My normal life consisted of constantly fighting against demons and other things that give you nightmares. On a normal day I was exhausted and bruised, so I didn't realize right away that there might be something wrong. Stress was high in my life because I was constantly working with Inuyasha and the others to save other people's lives. It never occurred to me that my own life might be in danger and I might not even know it. My life was always in danger. I had to worry about demons every day and then there was Naraku to think about, who was in a category all on his own. I kept telling myself that I had every reason to feel like shit every day.

The problem with this was that after awhile I realized that it might not be so normal to feel like I was coming down with the flu. It was easy to say that I was tired and bruised because we were fighting demons all day, but then there were the weeks were we wouldn't fight anything because we were taking a much needed rest. Then there were the times when I was home and studying. I shouldn't have felt like I was up all night after a good night's rest. When I did realize that something might be wrong I really didn't do anything about it. I figured that it would pass and then it would actually look like I had been sick when I went back to school.

It never occurred to me that I might actually be really sick, because I figured if anything was going to kill me it would be something that would eat me first. When you worked with demons as much as I did after awhile you figured that was the only thing that was going to get you. Then I passed out on my way to class and I was rushed to the emergency room and they figured out that I had chronic myelogenous leukemia. I just called it cancer and something that would kill me. I didn't understand how this could happen to me. I made my whole life about saving others and all the while something was killing me.

Doctors talked about chemotherapy and bone marrow transplants, but I tuned them all out. I had been sick for a long time and never noticed. I knew what my chanced were and I was not going to waste what time I had left in a hospital, losing my hair, being sicker then I had ever been. I wanted to live my life to the fullest. While that might mean actually trying to save myself by doing something about my sickness, why bother? I had a life to live and I was going to live it to the fullest. I knew that I wasn't going to live through treatments. I didn't know how I knew, but it was a feeling that I had come to trust over the last couple of years. I had waited too long and now it was too late for me.

Mom didn't like it and fought it and so was grandpa and Souta, but they couldn't do anything because I was 18 and it was my choice. I was glad that I had that choice because it made my life easier. For awhile I acted like nothing was wrong. I stopped going to school and I stayed in the feudal area. I wanted my life to be lived to the fullest and I felt most at home in the past. I made a difference and I had friends that I could really talk to and confide in. I found that amusing when I thought about it because I didn't tell any of them I was sick. I worked very hard to hide the fact that there was something wrong and it worked for awhile.

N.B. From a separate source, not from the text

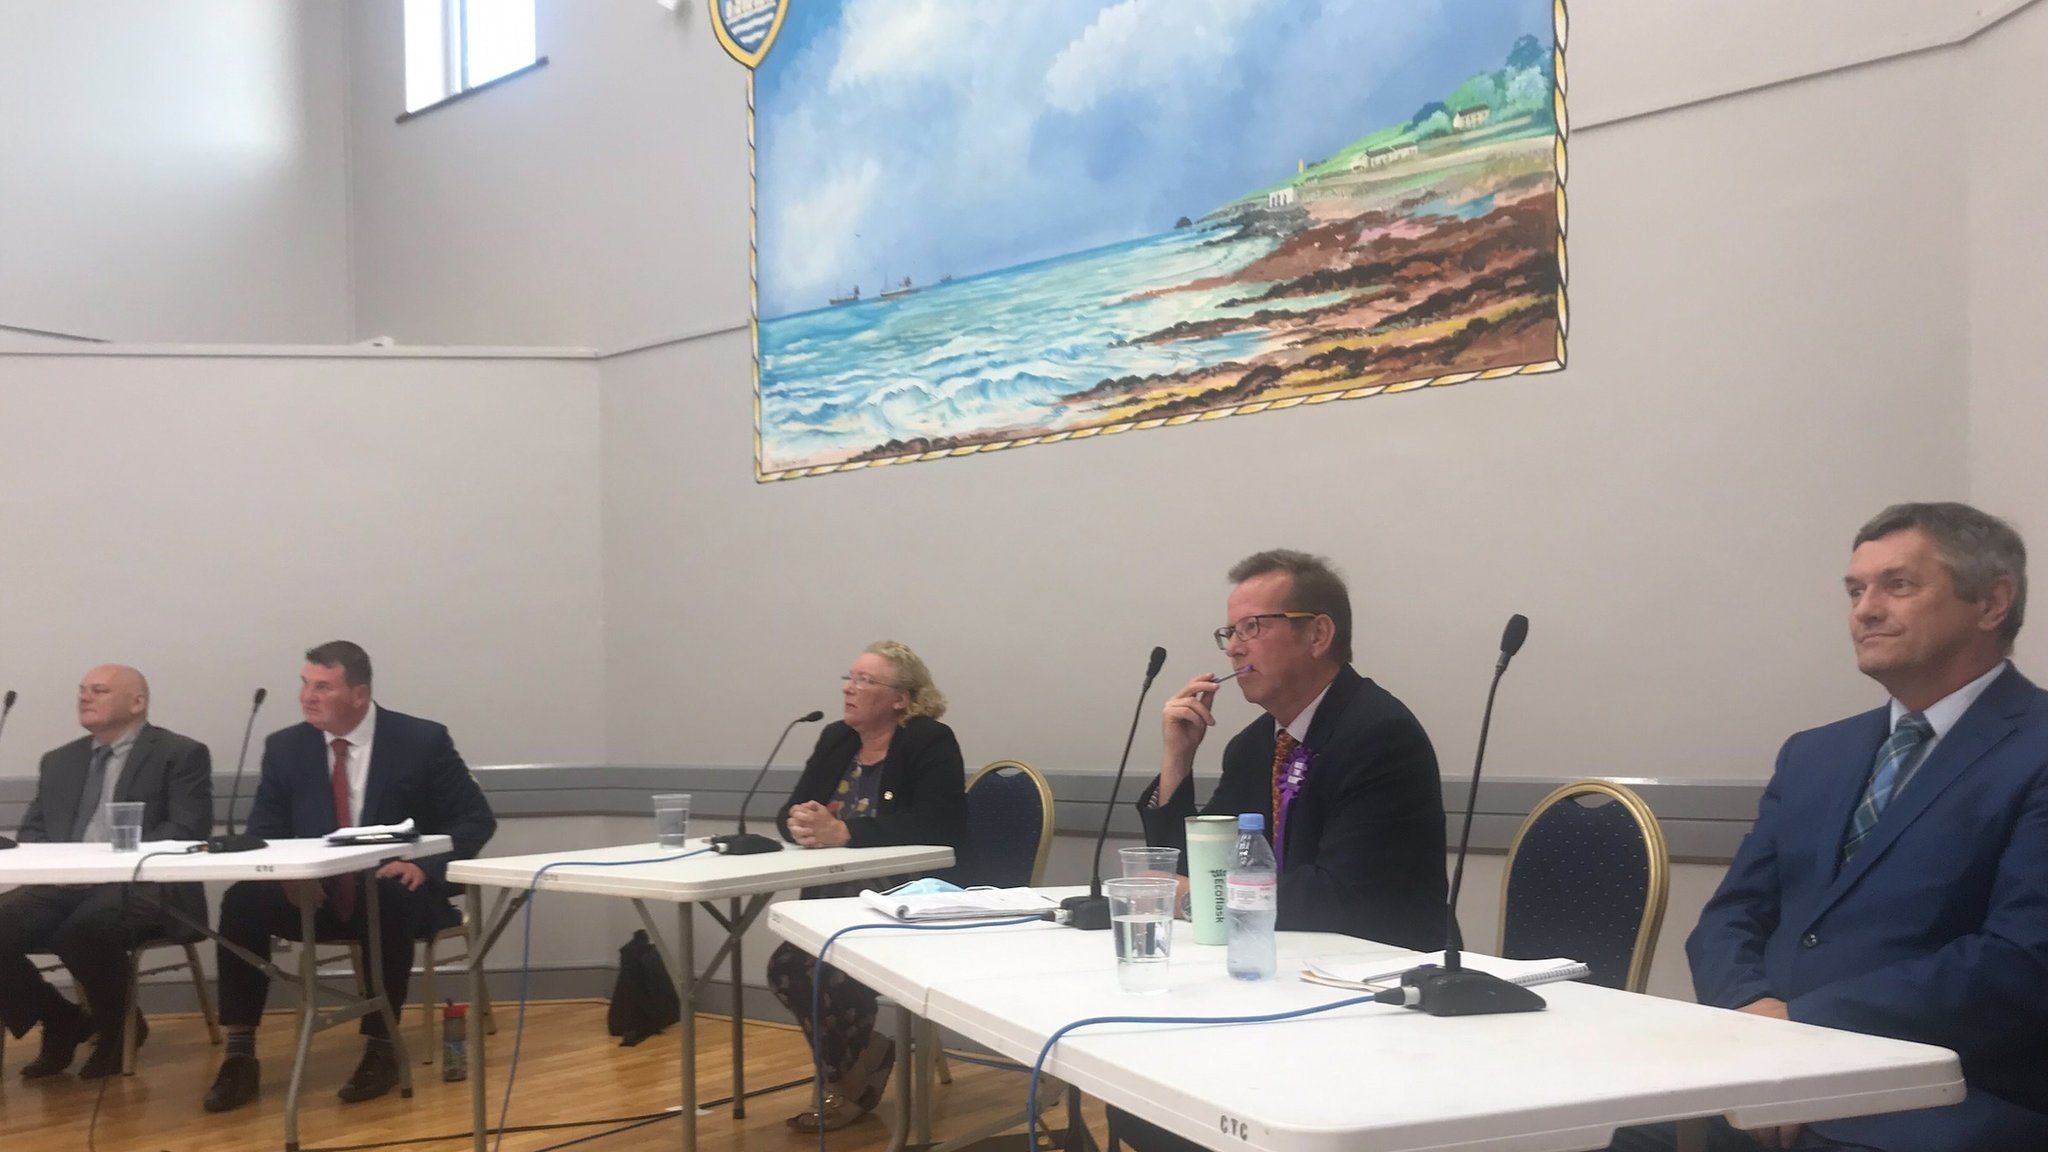 Isle of Man election hustings for Arbory Castletown and Malew 2021

There were changes that couldn't be missed though. I was more distant. I held back. I worked harder in battle, because now that mattered more than ever. I was colder and I knew that, but it was the only way to survive. I shut myself off from everyone else and gave myself time to accept what was happening. I thought about what I should do, and eventually I figured it out. One day I woke up and I felt like I had been hit with a semi. I was running a fever and I had bruises that I couldn't explain to anyone. The day I wore long sleeves and told everyone that I wasn't feeling well and I needed to go home for some rest. I could tell just from looking at Inuyasha that he could sense something was really wrong, but like everything else I shut him out and got to my family as fast as I could.

I had been shielding myself from Inuyasha from weeks now. It was something I had learned a long time ago, but had never really used. He could sense me but that was about it. I was a presence but he couldn't tell if I was sick. In the beginning I had used it so Inuyasha couldn't tell when I was going into heat, or in my terms, couldn't tell that it was "my time of the month". I could always tell when he sensed it and it had always bothered me. When I was getting a cold he had gotten over protective so I had made it so he couldn't smell the sickness surrounding me. Everyone could tell that I was sick, but never really could tell how much.

The only problem with this now was that I didn't have the energy to make it seem like it was fine. I couldn't stay awake long enough to make it seem like I was fine either. I knew that the time for me to tell the others had come and I didn't want to do it, because when I really thought about it I realized that they wouldn't understand. I couldn't explain leukemia to them because I could barley explain it to myself. I also didn't want them to see me dying like this. It wasn't going to be pretty. It was going to be slow and I was going to have my good days and my really bad days. There would be hope on my good days and defeat on my bad days.

Everyone needed to focus on getting the jewel shards and killing Naraku. I didn't know what I would do if Miroku ended up dying because of me. How would anyone be able to focus if I was as sick as I was? Who would want to leave my side? I knew how loyal they were and I knew that they didn't need to be burdened with me. I had to tell them.

And yet I found myself questioning why I should? Why couldn't I just leave?